DEED OF GENERAL RELEASE

1. Termination of Employment. Angelo M. Guagliano (“Executive”) and Max Bermuda Ltd. (“Company”) enter into this Deed of General Release (this “General Release”) and acknowledge that Executive’s last day of employment with the Company is       (the “Termination Date”).

2. Full Release. In consideration of the amounts set forth in the Employment Agreement, by and between the Company and Executive, dated as of July      , 2007 (the “Employment Agreement”) Executive, for himself, his heirs, executors, administrators, successors and assigns (hereinafter collectively referred to as the “Releasors”), hereby fully releases and discharges Company, its officers, directors, employees, agents, insurers, subsidiaries, parents, affiliates, successors and assigns (all such persons, firms, corporations and entities being deemed beneficiaries hereof and are referred to herein as the “Company Entities”) from any and all actions, causes of action, claims, obligations, costs, losses, liabilities, damages and demands of whatsoever character, whether or not known, suspected or claimed, which the Releasors have, through the date of this General Release, against the Company Entities arising out of or in any way related to Executive’s employment or termination of his employment; provided, however, that this shall not be a release with respect to any amounts and benefits owed to Executive pursuant to the Employment Agreement upon termination of employment, Executive’s equity grants in the Company, employee benefit plans of the Company, or Executive’s right to indemnification and directors and officers insurance as provided in Section 10 of the Employment Agreement.

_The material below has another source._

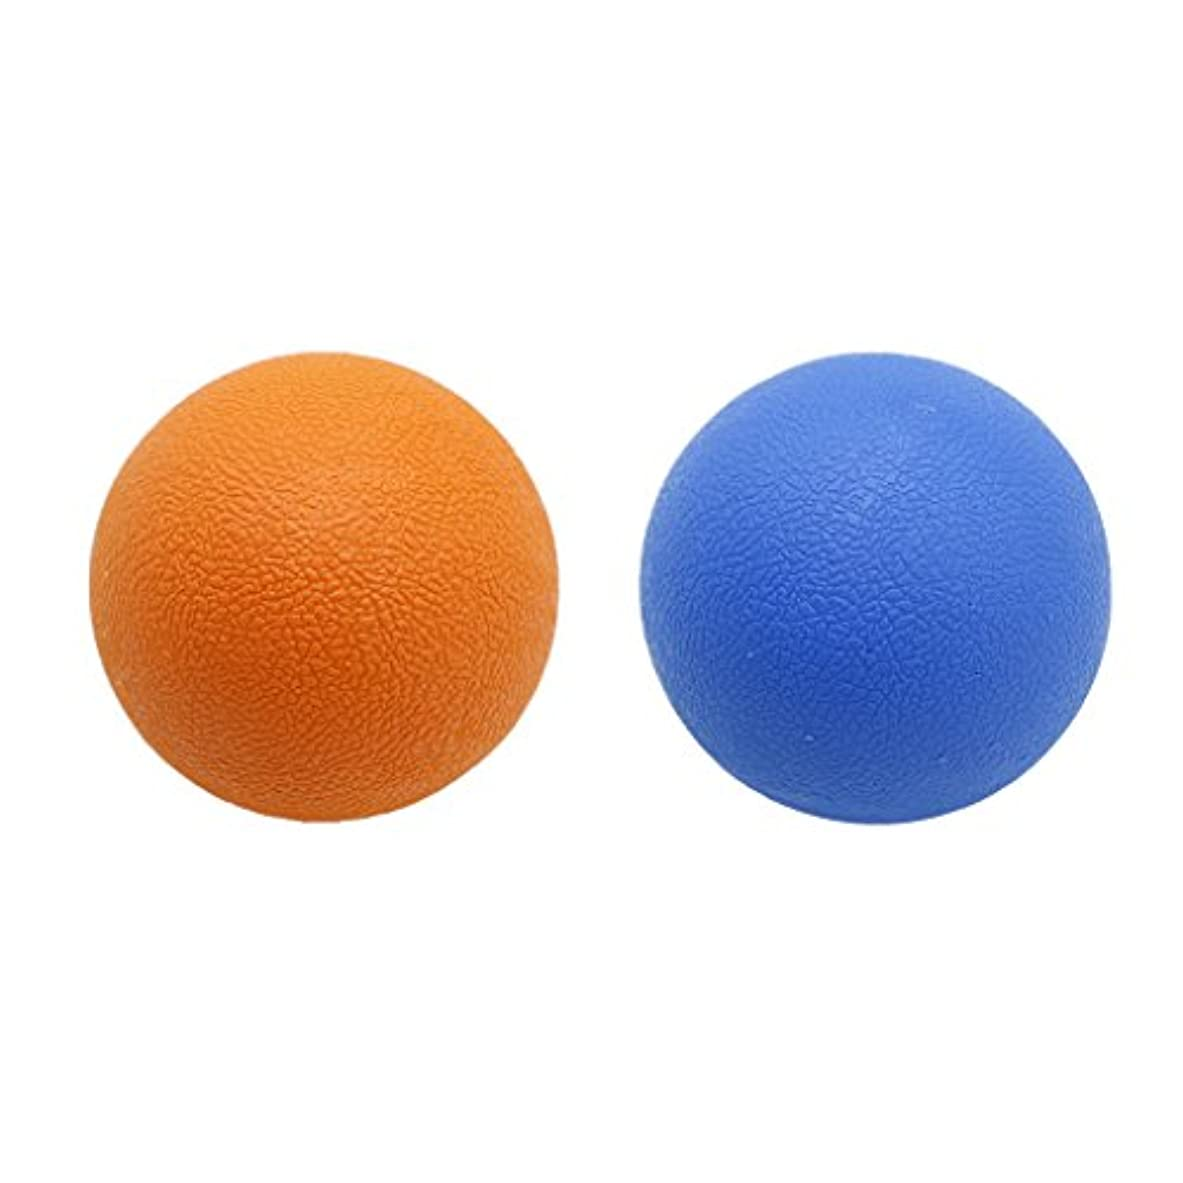 ベジタリアン強調する餌Perfk 2個 マッサージボール ストレッチボール トリガーポイント トレーニング マッサージ リラックス 便利 多色選べる - オレンジブルー

3. Waiver of Rights Under Other Statutes. Executive understands that this General Release waives all claims and rights Executive may have under certain statutes, if applicable, including, without limitation, the Age Discrimination in Employment Act (including the Older Workers Benefit Protection Act) (“ADEA”), Title VII of the Civil Rights Act, as amended; the Employee Retirement Income Security Act of 1974, as amended; the Equal Pay Act; the Rehabilitation Act of 1973; the Americans with Disabilities Act; the Worker Adjustment and Retraining Notification Act; the Bermuda Employment Act 2000; the Bermuda Human Rights Act 1981; and under all other statutes, regulations, common law, and other laws in any and all jurisdictions (including, but not limited to, Bermuda) that in any way relate to Executive’s employment or the termination of his employment.

4. Informed and Voluntary Signature. No promise or inducement has been made other than those set forth in this General Release. This General Release is executed by Executive without reliance on any representation by Company or any of its agents. Executive hereby acknowledges that he has read and understands this General Release and that he affixes his signature hereto voluntarily and of his own free will.

5. Waiver of Rights Under the Age Discrimination Act. Executive understands that this General Release, and the release contained herein, waives all of his claims and rights under the ADEA. The waiver of Executive’s rights under the ADEA does not extend to claims or rights that might arise after the date this General Release is executed. The monies to be paid to Executive hereunder are in addition to any sums to which Executive would be entitled without signing this General Release. For a period of seven (7) days following execution of this General Release, Executive may revoke the terms of this General Release by a written document received by the General Counsel of the Company on or before the end of the seven (7) day period. The General Release will not be effective until said revocation period has expired. Executive acknowledges that he has been given up to 21 days to decide whether to sign this General Release. Executive has been advised to consult with an attorney prior to executing this General Release and has been given a full and fair opportunity to do so.

6. Miscellaneous.

(a) This General Release shall be governed in all respects by the laws of the State of New York without regard to the principles of conflict of laws.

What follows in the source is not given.